Saturday, September 3, 2011

MC5

I lived in Detroit during the MC5's heyday, and I am grateful in that we had many teen clubs that had no age limits; this allowed me to witness local bands like the 5, Bob Seger The Rationals and the Stooges perform their brand of major chord guitar insanity against a complacent culture of hippiedom. Detroit was an uptight, racially tense factory town that had little truck with those either coastline who wanted to ease through the 60s and beyond in a stoned either. The MC5 were, as John Sinclair wrote, a "whole thing", and their task, for art, for music, for the Revolution everyone with sideburns and wire frame glasses claimed to support, was to drive people out of their homes, out of their workplaces, out of their clothes and into each other's arms. There was love in Detroit rock and roll, but it was hard, brutal, arrogant in a fashion that mirrored the worst undertakings of The Man. It was a kick in the nuts to a privileged  Bohemia.

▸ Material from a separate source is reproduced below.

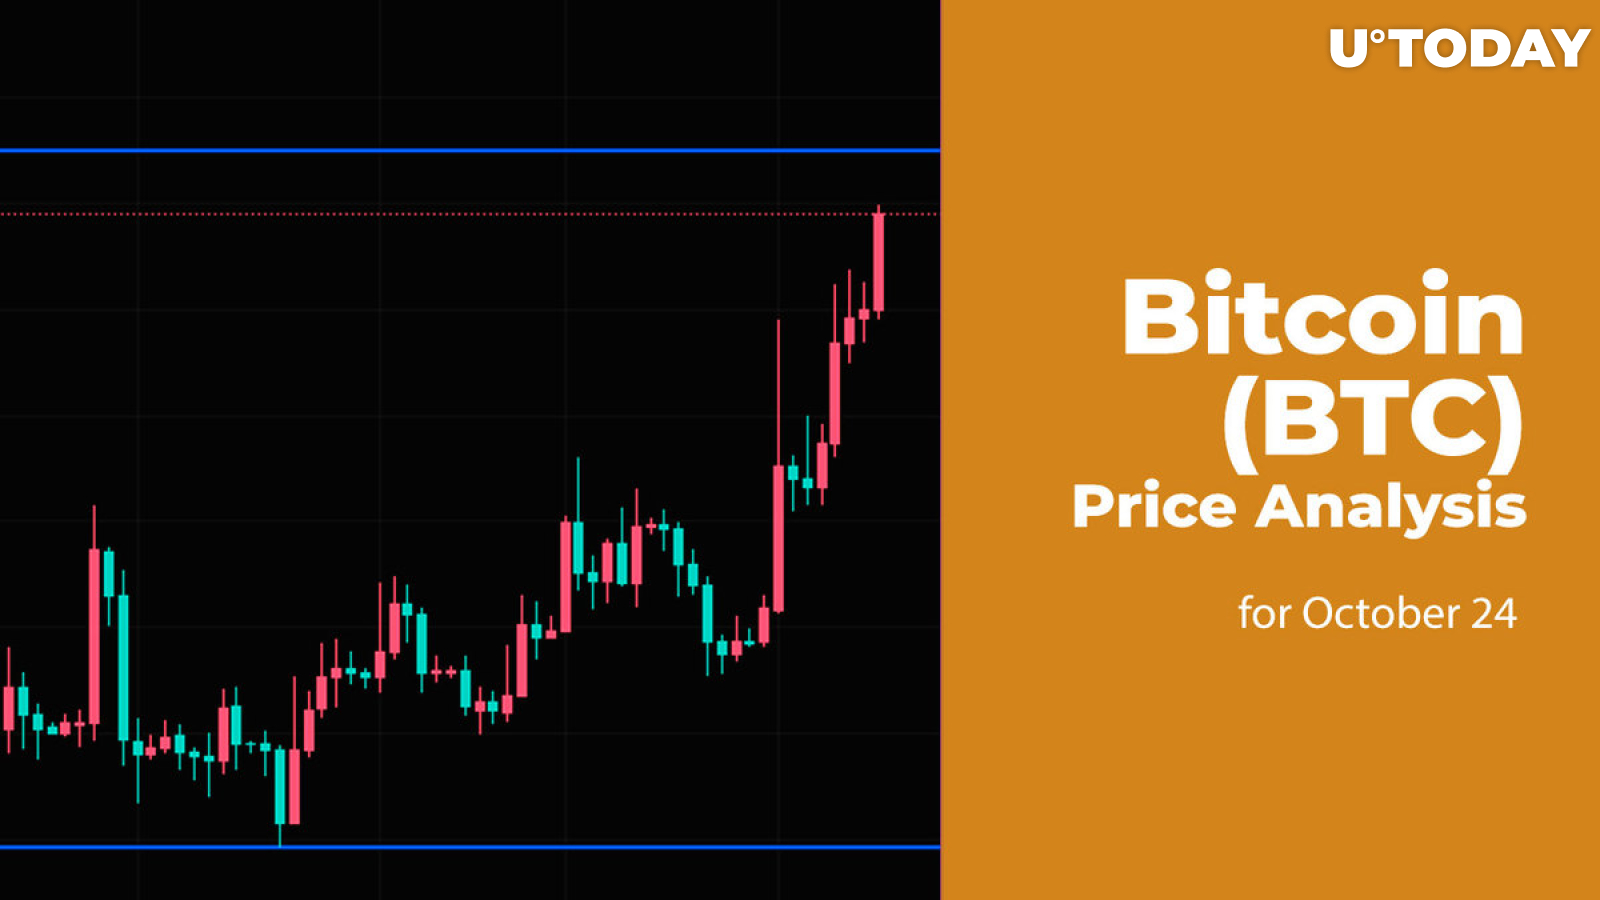 Bitcoin (BTC) Price Analysis for October 24

This was the Politics of Ecstasy with a tangible, violent edge, and the 5 wanted to put us in touch with the most primal and alive parts of our animal selves There is nothing particularly revolutionary about this thinking, as there of been an endless line of bright thinkers and florid writers , from Rousseau, DH Lawrence to Norman Mailer who've foretold, in varying degrees and levels of conviction and practice, that if we embraced our instinctual side and did away with the intellectual superstructure that has cauterized our lives and potential, all falseness would cease and only then can we realize joy, creativity, the results of a good toss in the hay. To many, the 5 seemed an antidote to the groovy and lazy vibe that had robbed rock and roll of vitality,  but it bears saying that many considered their cure to be nearly as awful as the malaise it was meant to cure.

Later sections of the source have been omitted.